Activity.
Your copy of the data below must be exact and must leave out all pictures.
+++ Collected data +++
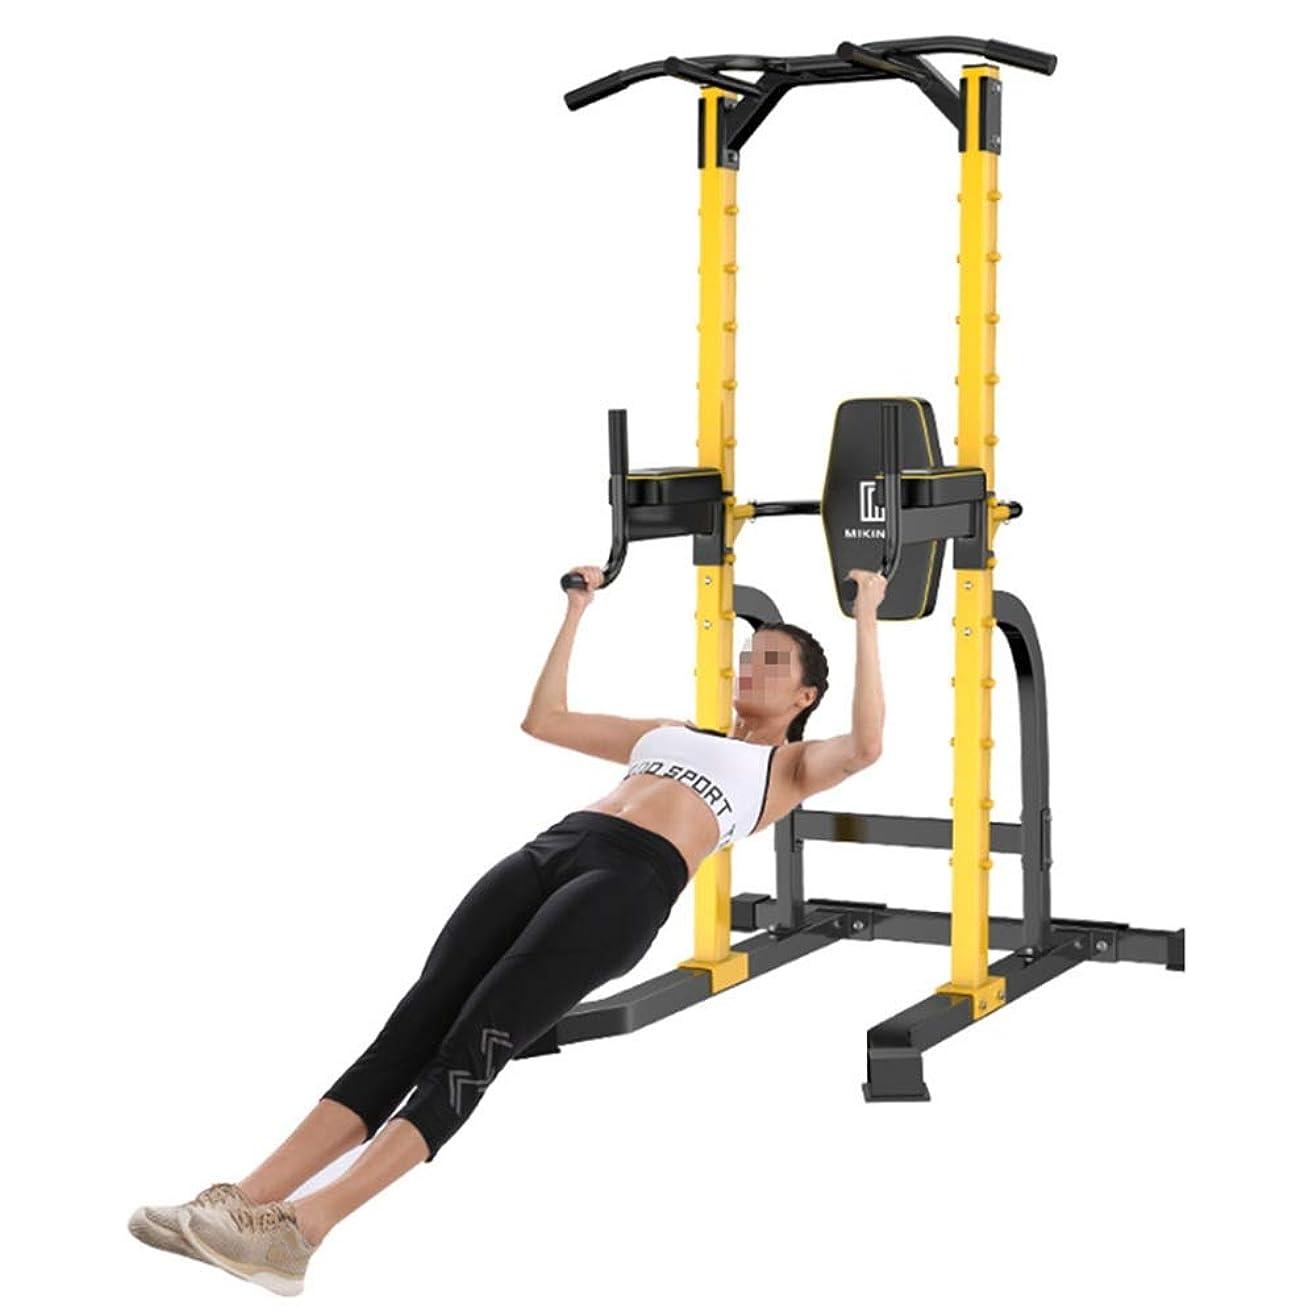 良い照らすビーチ懸垂マシン マルチジ 引き上げ棒ディップスタンド筋力トレーニングホームオフィスジムフィットネス機器 ディップスタンド (色 : 黄, サイズ : 208*104*103CM)
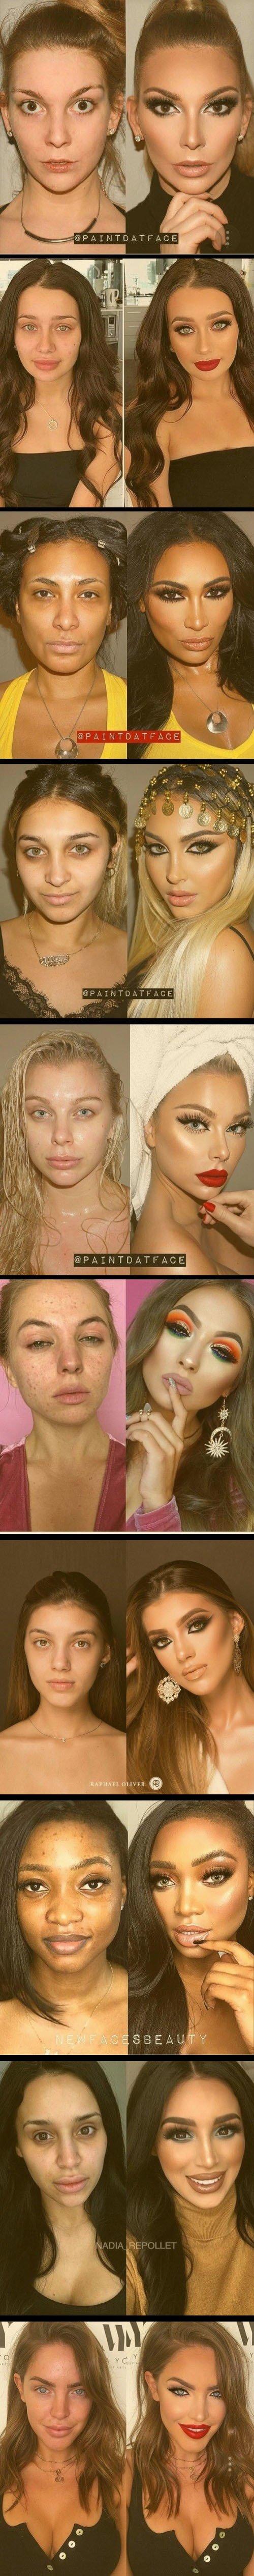 Meme_otros - El gran cambio de una mujer con y sin maquillaje
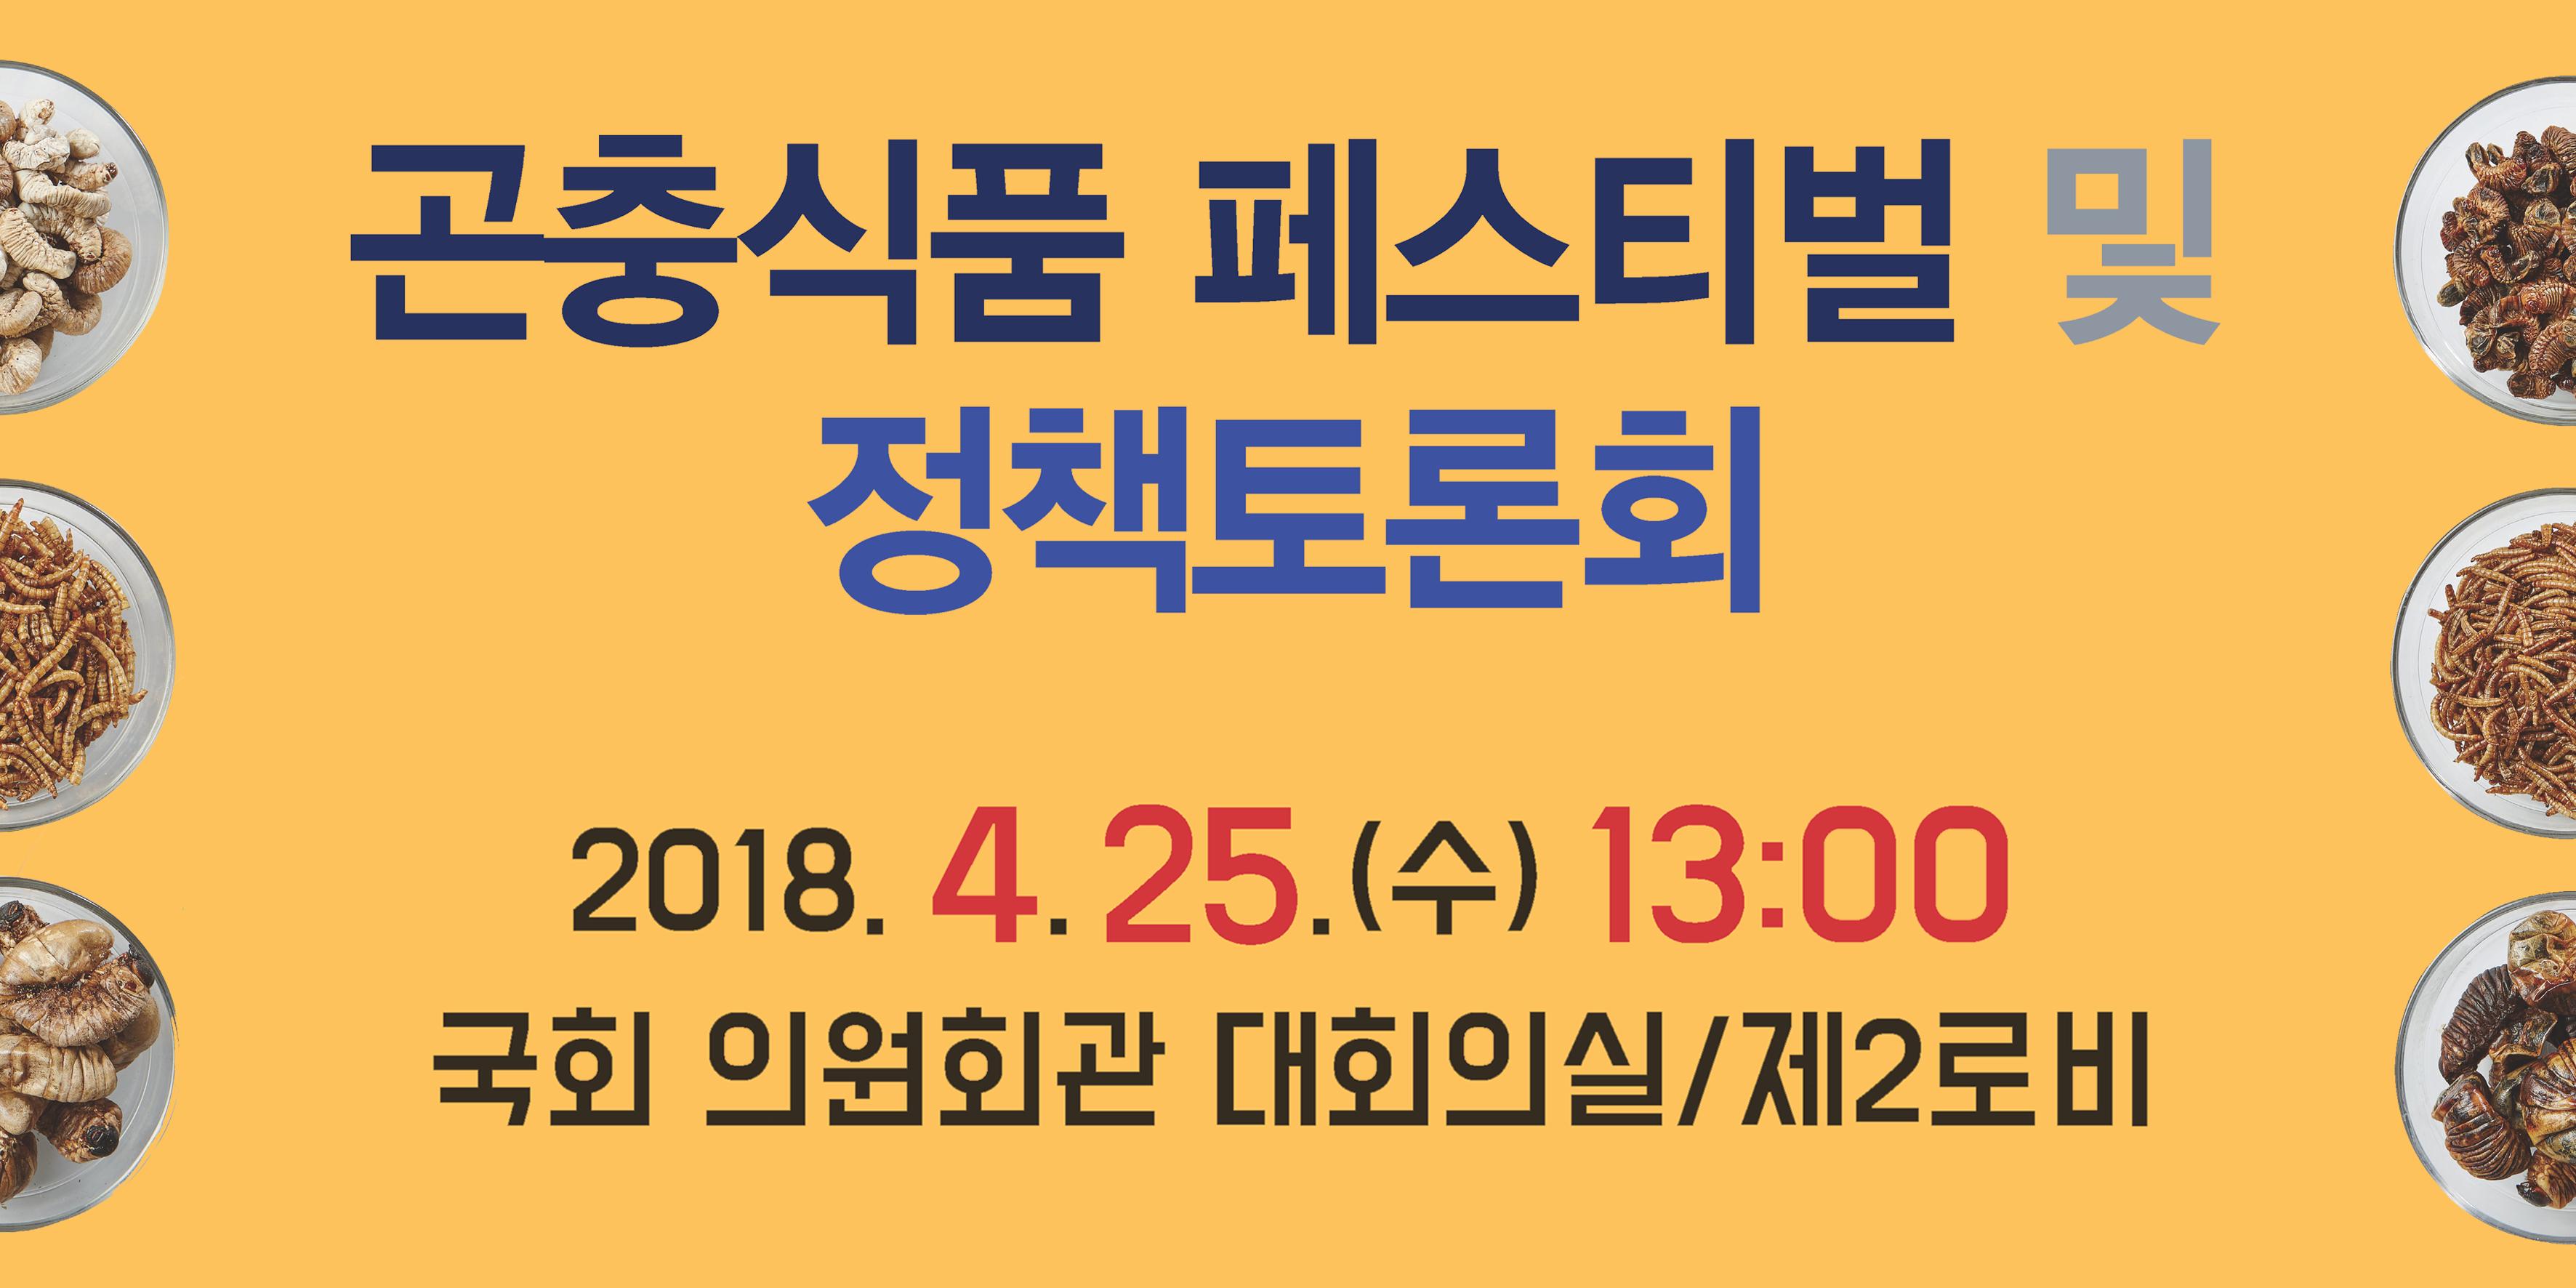 종자산업 정보의 중심 종자산업진흥센터
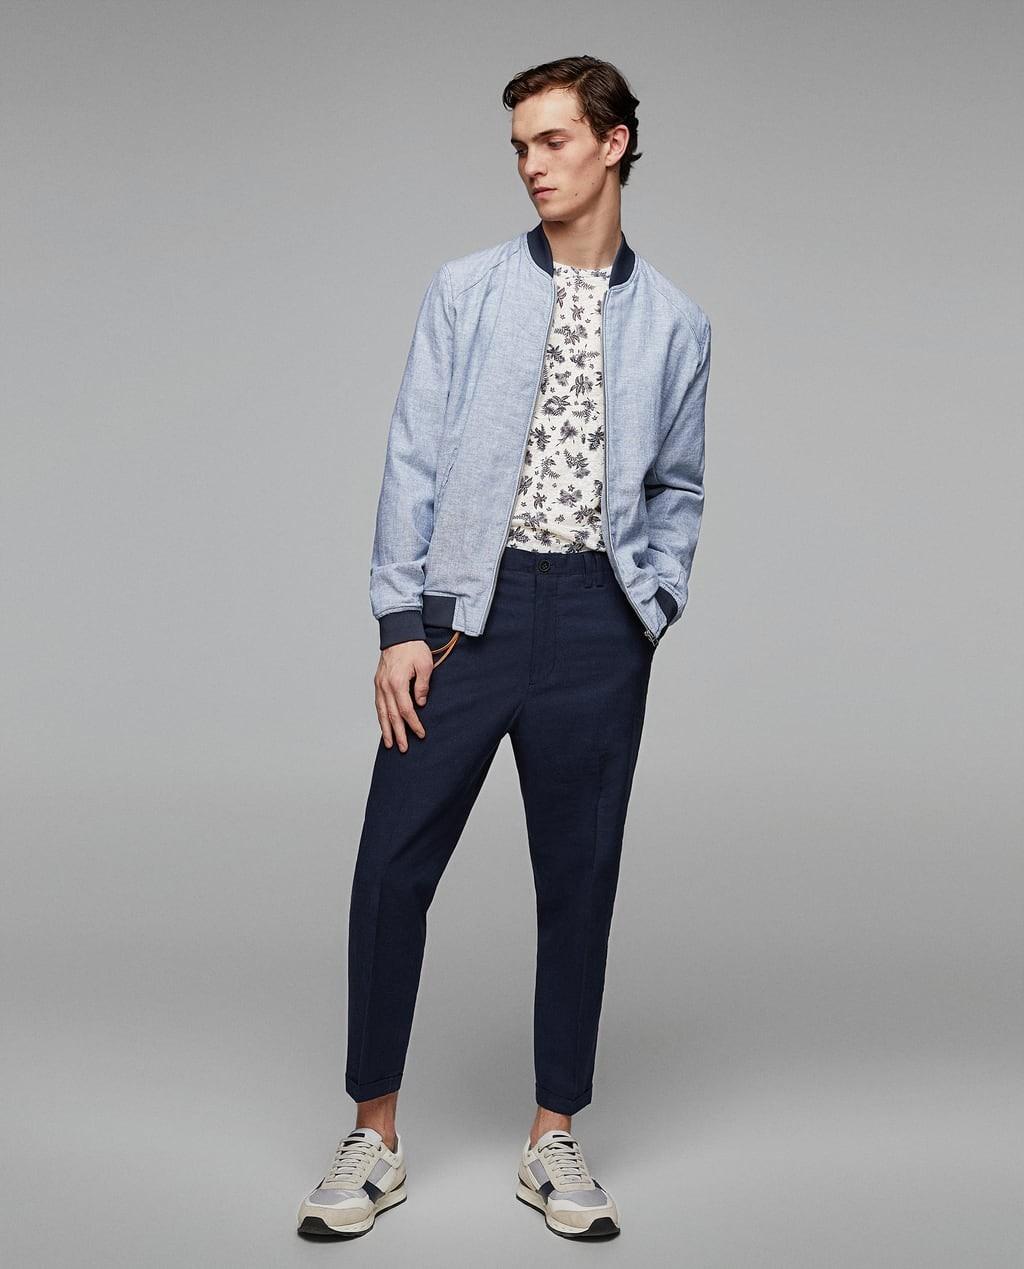 Мода весна лето 2019 основные тенденции для полных новые фото
+++
Exercise answer.
 良い照らすビーチ懸垂マシン マルチジ 引き上げ棒ディップスタンド筋力トレーニングホームオフィスジムフィットネス機器 ディップスタンド (色 : 黄, サイズ : 208*104*103CM)
 Meme_otros - El gran cambio de una mujer con y sin maquillaje
 종자산업 정보의 중심 종자산업진흥센터
 Мода весна лето 2019 основные тенденции для полных новые фото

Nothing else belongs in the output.